1985 : la sucrerie de Goussainville, dans le Val-d'Oise, cesse de fonctionner après quatre-vingts de service. Prisonnière d'une agglomération en expansion, l'usine ne peut plus s'étendre. Cependant, bien avant que les effets du grignotage de la banlieue toute proche ne se fassent sentir à Goussainville, la sucrerie avait contribué au développement de formes urbaines spécifiques.
Aujourd'hui, il ne reste presque rien de l'ancien site. Transformé en gymnase et salle des fêtes, le hangar qui servait d'entrepôt et s'appelait autrefois Cathédrale demeure le seul vestige avec l'abri du « puits cour ».
Pourtant la silhouette familière de l'usine dans le paysage de la Plaine de France reste présente à l'esprit des derniers acteurs de l'usine et des voisins. Des images, des sons, des odeurs reviennent à la mémoire : le bruit des betteraves dans la trémie du coupe-racines, le sifflement du vide que l'on casse après la cuite, l'odeur sucrée de la mélasse ou celle âcre du jus carbonaté. D'autres odeurs aussi, bien caractéristiques de ce type d'industrie, celle des résidus de chaux et celle des bassins de décantation.
« Il y avait aussi l'énorme quantité de boue qu'il y a dans cette période là, où on charriait les betteraves, surtout aux abords de l'usine où il y avait carrément 15 cm de boue liquide qu'il fallait franchir avec des bottes pour aller porter à manger au père qui, lui, était astreint à rester sur place. »

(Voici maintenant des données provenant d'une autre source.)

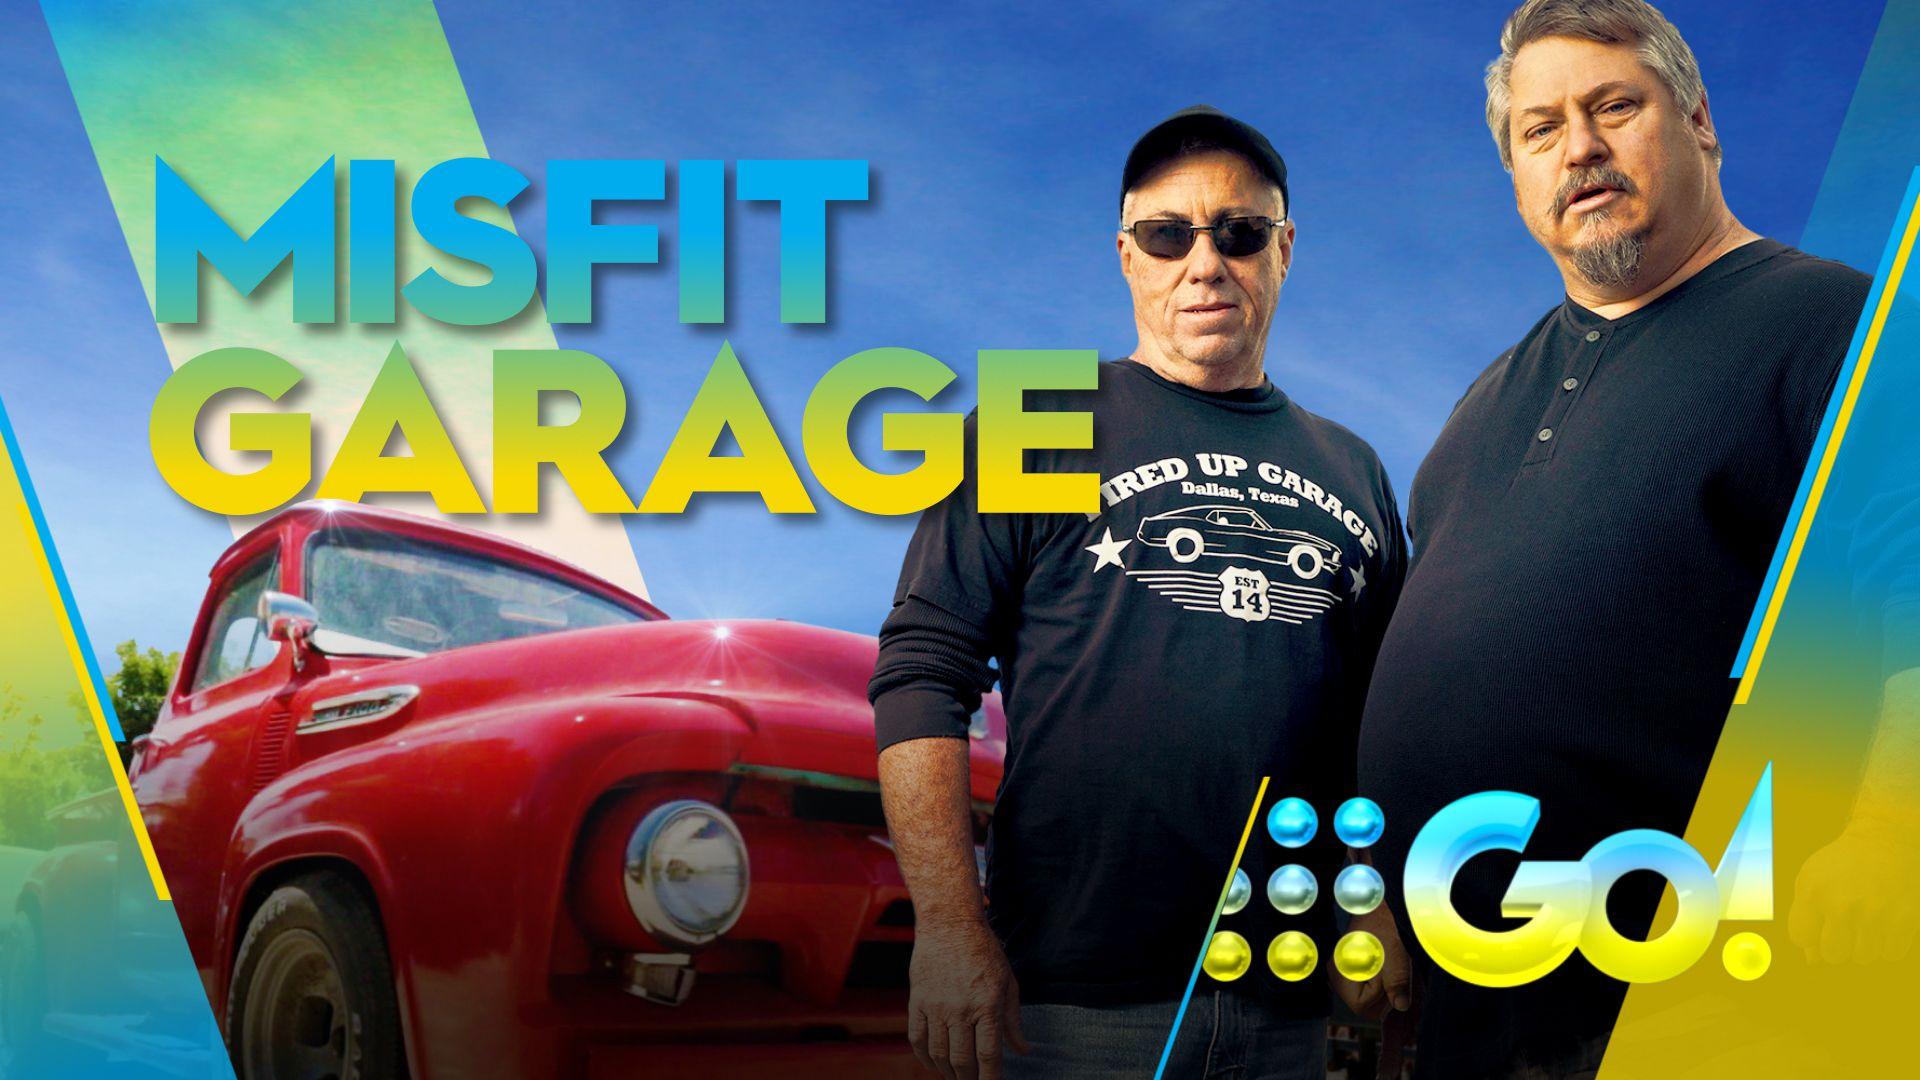 Misfit Garage

À Goussainville, comme dans beaucoup d'endroits de cette région, la betterave a marqué le paysage depuis près d'un siècle. Sans prétendre rivaliser avec la Picardie toute proche, cette région de l'Ile-de-France est une terre à sucre. Étendues cultivées, chariots, bascules, râperies, distilleries, sucreries, ont essaimé dans la plaine autour des fermes, façonnant la personnalité de ce territoire rural.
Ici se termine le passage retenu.